[New] V2 MCP server now generally available!

Summary

The Asana MCP server is now generally available with the release of V2. This update introduces a new client registration model, an optimized tool set, support for Streamable HTTP, and workspace scoped authorizations.

The previous beta release of the MCP server (now referred to as V1) is deprecated as of today and will be shut down in 3 months. The V1 redirect URI allowlist is frozen, so all new integrations must use V2.

What’s improved in V2:

  • Simplified client setup: Create and manage MCP clients directly in Asana’s developer console using OAuth pre-registration (no more dynamic client registration or allowlist requests).
  • Customer control of MCP access: Asana admins using App Management can now allow or block specific V2 MCP clients, just like any other integration.
  • Leaner tool set: Consolidated tools focused on core functionality, reducing context window usage and improving reliability
  • Streamable HTTP support: Modernized transport aligned with the current MCP standard
  • Workspace-scoped authorization: MCP access will be limited to a specific Asana workspace going forward so that the user’s workspace can be assumed during a session.

These changes respond directly to developer and customer beta feedback about security, setup friction, token management, and server ergonomics. More details on these changes below!

What’s new

V2 MCP server

The V2 MCP server is available at:

https://mcp.asana.com/v2/mcp

New client registration model

V2 moves from OAuth dynamic client registration (DCR) to self-service pre-registration in Asana’s developer console. You now create MCP clients directly in the developer console with full control over OAuth settings and workspace distribution.

This change eliminates the need to request redirect URI allowlist additions and gives organizations better visibility into which clients can access their data.

For complete setup instructions, see our integration guide.

AsanaMCP-Auth-Part12

Customer control of MCP access

V2 gives Asana customers control over which V2 MCP clients access their organization’s data.

For admins: Organizations using App Management can now allow or block specific V2 MCP clients, just like any other Asana integration. This will bring MCP access under the same governance policies you already have in place.

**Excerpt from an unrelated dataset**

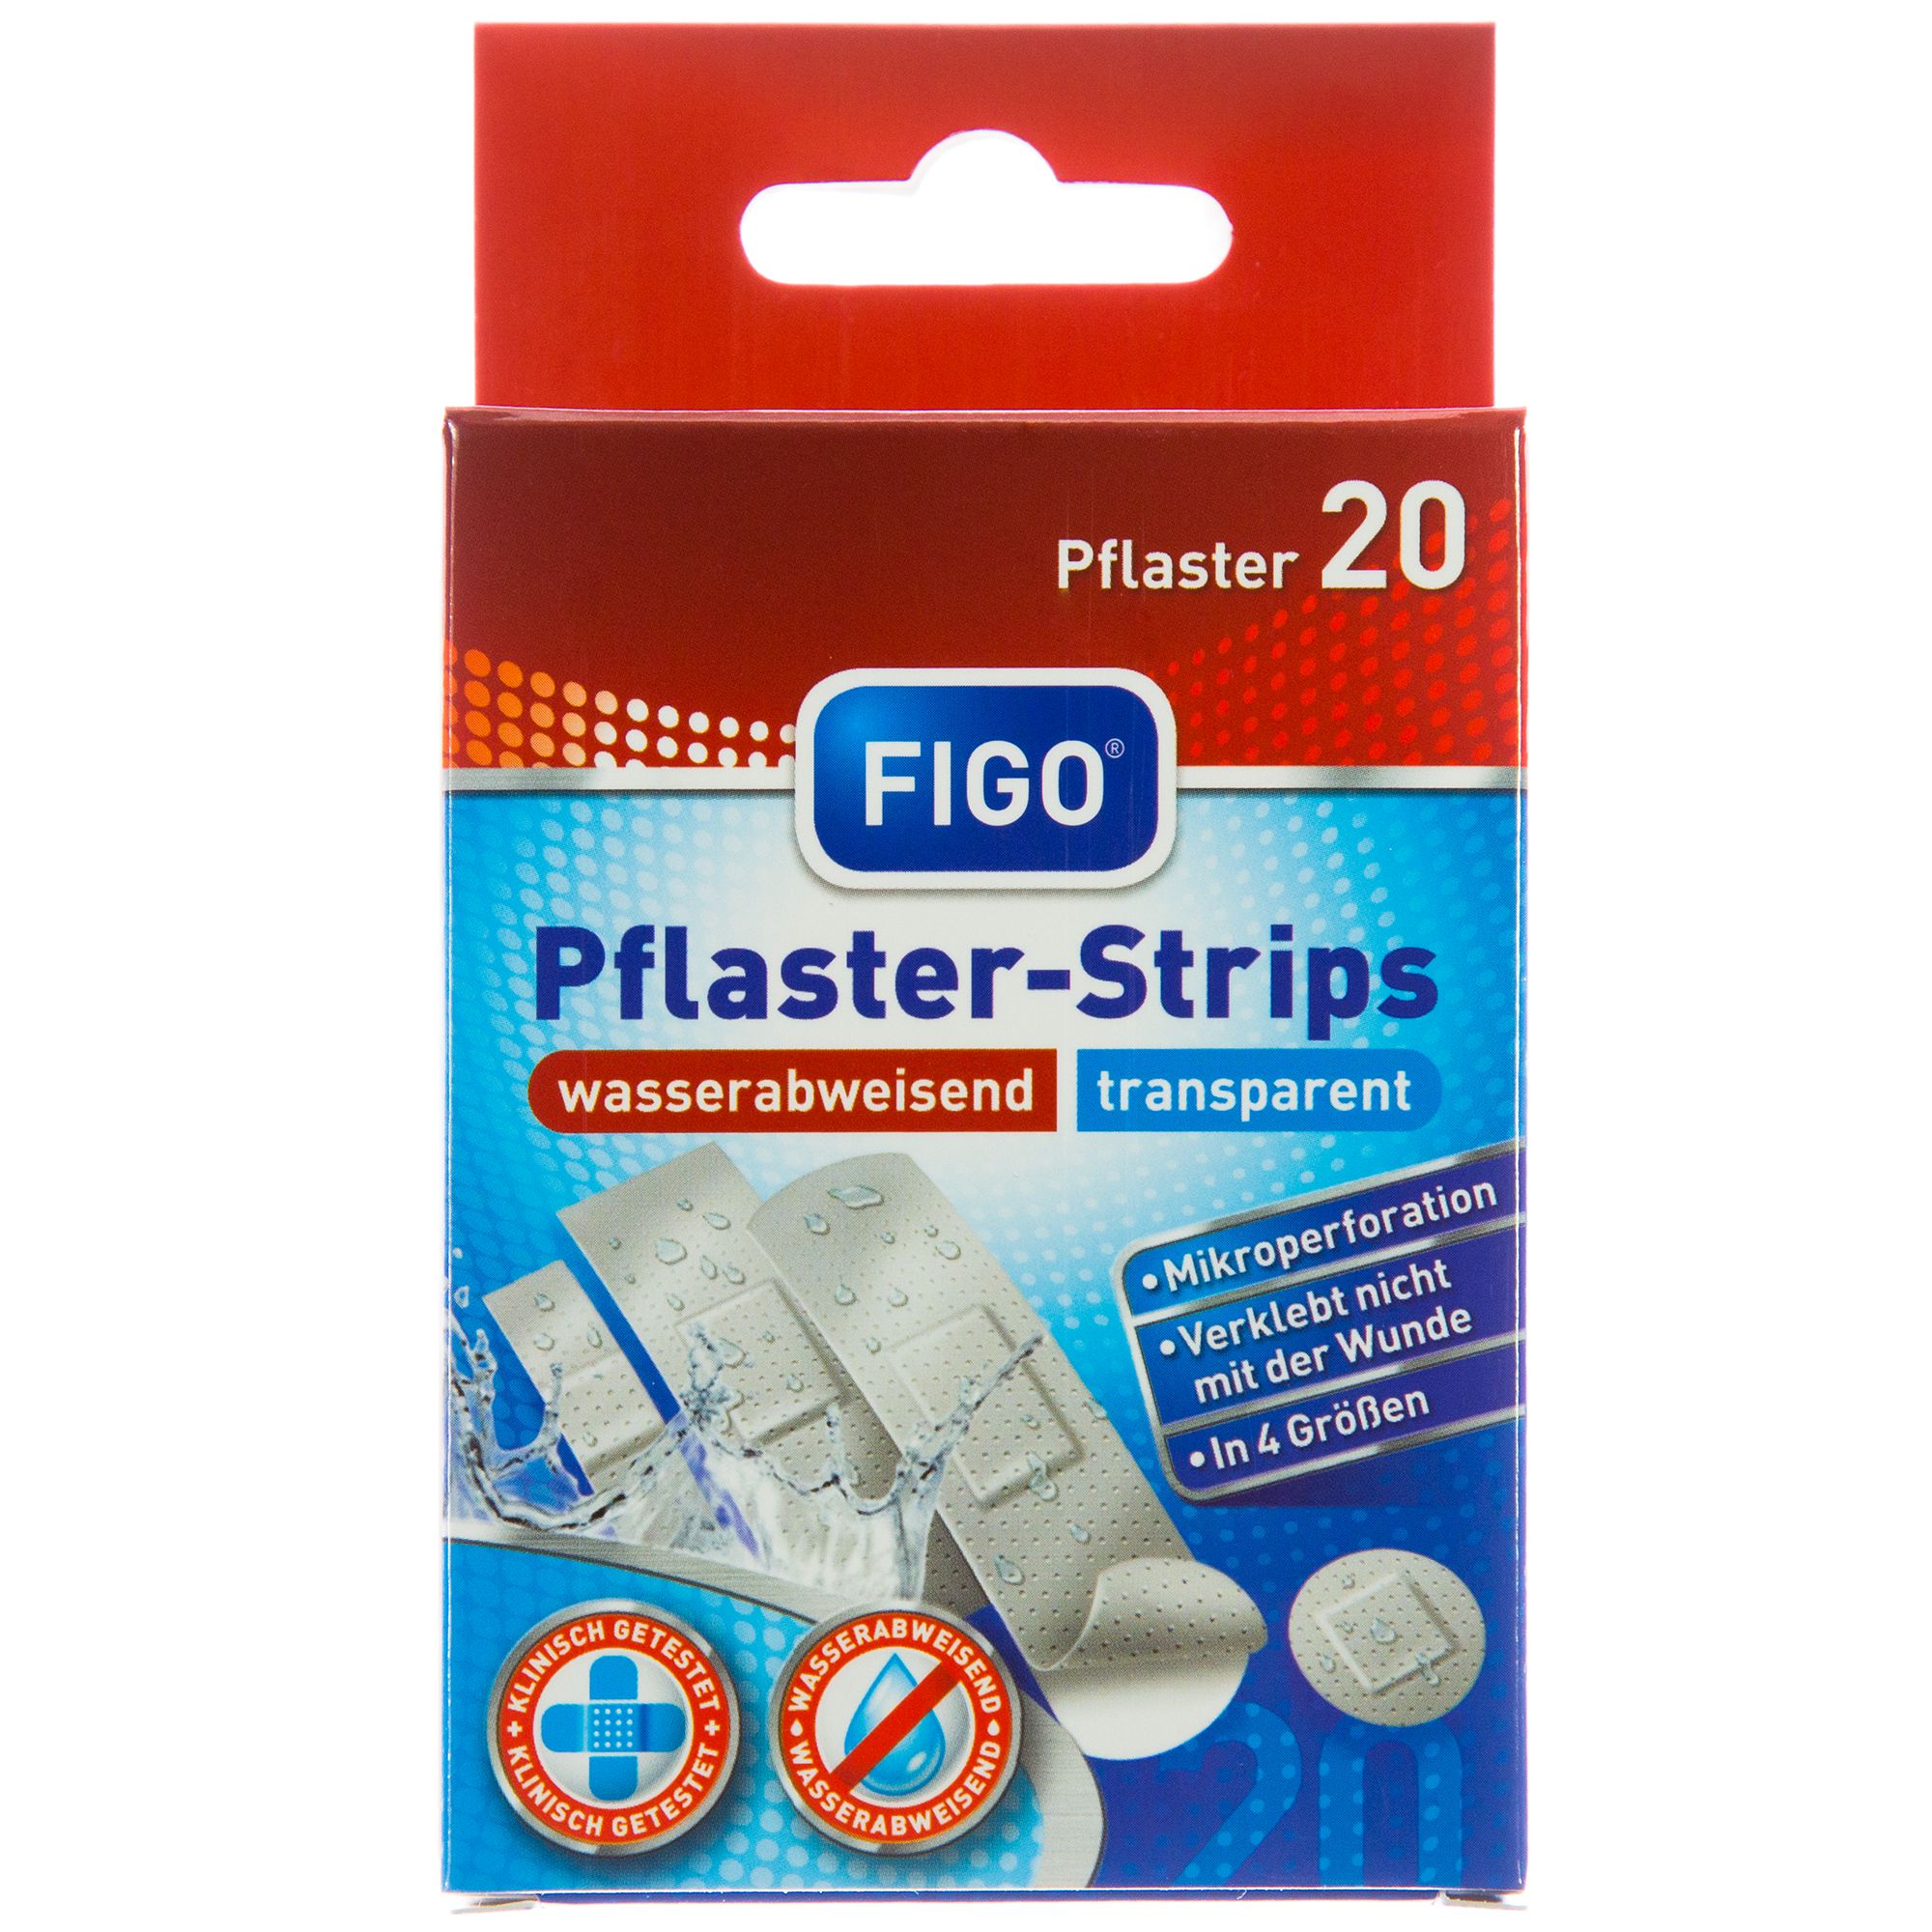 FIGO Pflaster Strips wasserabweisend, transparent - 20er Pflaster-Strips 10003 fron

For end users: Users can see exactly which client is requesting access before granting permission.

Optimized tool set

We’ve consolidated the V2 tool set to focus on the core Asana functionality users most often access through MCP. This responds to feedback that the previous tool set was too broad, and reduces context window usage so AI assistants can work more efficiently.

Tool names are also simplified (e.g., create_task instead of asana_create_task).

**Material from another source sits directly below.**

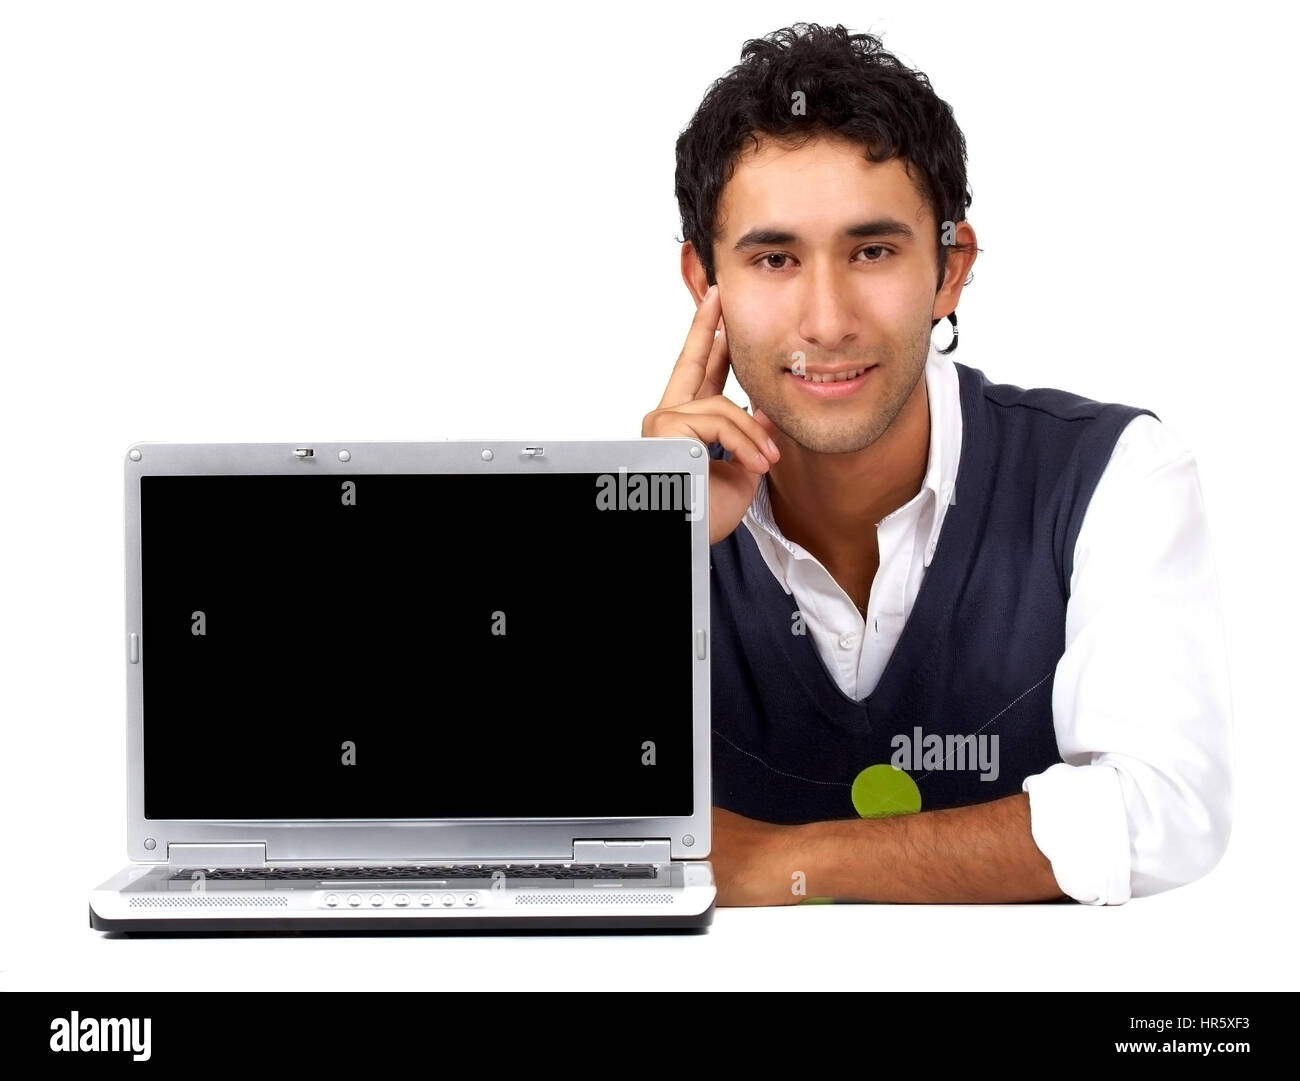 Homme avec un ordinateur portable - isolé sur fond blanc Banque D'Images

Note: We’ll continue evolving the tool set based on usage patterns and feedback. Tools may be added, updated, or deprecated over time. Use the tools/list MCP command to get current tool metadata, and subscribe to this changelog for updates. Treating tool names and interfaces as static could result in breaking changes.

Streamable HTTP

V2 modernizes transport support by adopting Streamable HTTP, the current MCP standard for client-server communication. All traffic is consolidated into a single endpoint at https://mcp.asana.com/v2/mcp. The /sse endpoint will not be supported in V2.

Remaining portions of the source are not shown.